Saved data entries:
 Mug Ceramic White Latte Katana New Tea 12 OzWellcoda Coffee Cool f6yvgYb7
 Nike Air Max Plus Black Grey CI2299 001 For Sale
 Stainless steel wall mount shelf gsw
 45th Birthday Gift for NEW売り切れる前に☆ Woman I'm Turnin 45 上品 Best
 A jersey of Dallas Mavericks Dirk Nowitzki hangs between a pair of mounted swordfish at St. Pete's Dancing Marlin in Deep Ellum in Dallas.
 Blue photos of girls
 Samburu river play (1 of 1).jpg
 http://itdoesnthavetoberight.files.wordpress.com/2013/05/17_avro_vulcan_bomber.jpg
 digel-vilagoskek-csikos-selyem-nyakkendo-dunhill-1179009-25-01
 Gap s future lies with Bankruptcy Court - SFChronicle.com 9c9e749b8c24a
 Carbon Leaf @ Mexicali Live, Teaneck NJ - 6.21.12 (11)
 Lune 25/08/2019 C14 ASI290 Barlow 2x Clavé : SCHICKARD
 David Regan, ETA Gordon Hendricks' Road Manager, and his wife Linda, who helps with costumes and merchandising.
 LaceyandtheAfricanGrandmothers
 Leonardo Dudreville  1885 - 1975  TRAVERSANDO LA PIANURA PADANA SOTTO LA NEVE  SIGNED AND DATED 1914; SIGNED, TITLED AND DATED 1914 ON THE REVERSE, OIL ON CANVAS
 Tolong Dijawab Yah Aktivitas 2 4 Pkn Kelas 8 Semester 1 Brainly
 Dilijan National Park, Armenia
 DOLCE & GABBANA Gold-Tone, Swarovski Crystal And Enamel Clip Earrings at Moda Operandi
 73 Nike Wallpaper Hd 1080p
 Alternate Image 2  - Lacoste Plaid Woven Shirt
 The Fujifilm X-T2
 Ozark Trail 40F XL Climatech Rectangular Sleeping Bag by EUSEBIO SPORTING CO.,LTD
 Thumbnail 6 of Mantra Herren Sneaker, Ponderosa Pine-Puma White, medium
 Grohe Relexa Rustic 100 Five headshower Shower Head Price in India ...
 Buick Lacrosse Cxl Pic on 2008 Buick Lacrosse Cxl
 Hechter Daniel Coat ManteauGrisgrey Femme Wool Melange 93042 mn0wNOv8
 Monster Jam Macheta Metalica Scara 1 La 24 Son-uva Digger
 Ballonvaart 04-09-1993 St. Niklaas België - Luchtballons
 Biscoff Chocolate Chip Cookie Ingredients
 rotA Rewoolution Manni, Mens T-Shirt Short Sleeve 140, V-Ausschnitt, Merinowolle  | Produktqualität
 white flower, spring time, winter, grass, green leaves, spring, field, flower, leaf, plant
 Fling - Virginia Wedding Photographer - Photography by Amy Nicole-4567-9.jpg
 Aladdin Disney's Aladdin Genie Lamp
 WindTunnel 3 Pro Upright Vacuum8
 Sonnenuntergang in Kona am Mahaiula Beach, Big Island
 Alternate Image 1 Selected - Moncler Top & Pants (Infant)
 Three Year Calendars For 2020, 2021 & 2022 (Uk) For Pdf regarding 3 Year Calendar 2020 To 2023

▸ What is required: Exactly as they appear above, set down all of the records once more.

▸ Answer area:
 Mug Ceramic White Latte Katana New Tea 12 OzWellcoda Coffee Cool f6yvgYb7
 Nike Air Max Plus Black Grey CI2299 001 For Sale
 Stainless steel wall mount shelf gsw
 45th Birthday Gift for NEW売り切れる前に☆ Woman I'm Turnin 45 上品 Best
 A jersey of Dallas Mavericks Dirk Nowitzki hangs between a pair of mounted swordfish at St. Pete's Dancing Marlin in Deep Ellum in Dallas.
 Blue photos of girls
 Samburu river play (1 of 1).jpg
 http://itdoesnthavetoberight.files.wordpress.com/2013/05/17_avro_vulcan_bomber.jpg
 digel-vilagoskek-csikos-selyem-nyakkendo-dunhill-1179009-25-01
 Gap s future lies with Bankruptcy Court - SFChronicle.com 9c9e749b8c24a
 Carbon Leaf @ Mexicali Live, Teaneck NJ - 6.21.12 (11)
 Lune 25/08/2019 C14 ASI290 Barlow 2x Clavé : SCHICKARD
 David Regan, ETA Gordon Hendricks' Road Manager, and his wife Linda, who helps with costumes and merchandising.
 LaceyandtheAfricanGrandmothers
 Leonardo Dudreville  1885 - 1975  TRAVERSANDO LA PIANURA PADANA SOTTO LA NEVE  SIGNED AND DATED 1914; SIGNED, TITLED AND DATED 1914 ON THE REVERSE, OIL ON CANVAS
 Tolong Dijawab Yah Aktivitas 2 4 Pkn Kelas 8 Semester 1 Brainly
 Dilijan National Park, Armenia
 DOLCE & GABBANA Gold-Tone, Swarovski Crystal And Enamel Clip Earrings at Moda Operandi
 73 Nike Wallpaper Hd 1080p
 Alternate Image 2  - Lacoste Plaid Woven Shirt
 The Fujifilm X-T2
 Ozark Trail 40F XL Climatech Rectangular Sleeping Bag by EUSEBIO SPORTING CO.,LTD
 Thumbnail 6 of Mantra Herren Sneaker, Ponderosa Pine-Puma White, medium
 Grohe Relexa Rustic 100 Five headshower Shower Head Price in India ...
 Buick Lacrosse Cxl Pic on 2008 Buick Lacrosse Cxl
 Hechter Daniel Coat ManteauGrisgrey Femme Wool Melange 93042 mn0wNOv8
 Monster Jam Macheta Metalica Scara 1 La 24 Son-uva Digger
 Ballonvaart 04-09-1993 St. Niklaas België - Luchtballons
 Biscoff Chocolate Chip Cookie Ingredients
 rotA Rewoolution Manni, Mens T-Shirt Short Sleeve 140, V-Ausschnitt, Merinowolle  | Produktqualität
 white flower, spring time, winter, grass, green leaves, spring, field, flower, leaf, plant
 Fling - Virginia Wedding Photographer - Photography by Amy Nicole-4567-9.jpg
 Aladdin Disney's Aladdin Genie Lamp
 WindTunnel 3 Pro Upright Vacuum8
 Sonnenuntergang in Kona am Mahaiula Beach, Big Island
 Alternate Image 1 Selected - Moncler Top & Pants (Infant)
 Three Year Calendars For 2020, 2021 & 2022 (Uk) For Pdf regarding 3 Year Calendar 2020 To 2023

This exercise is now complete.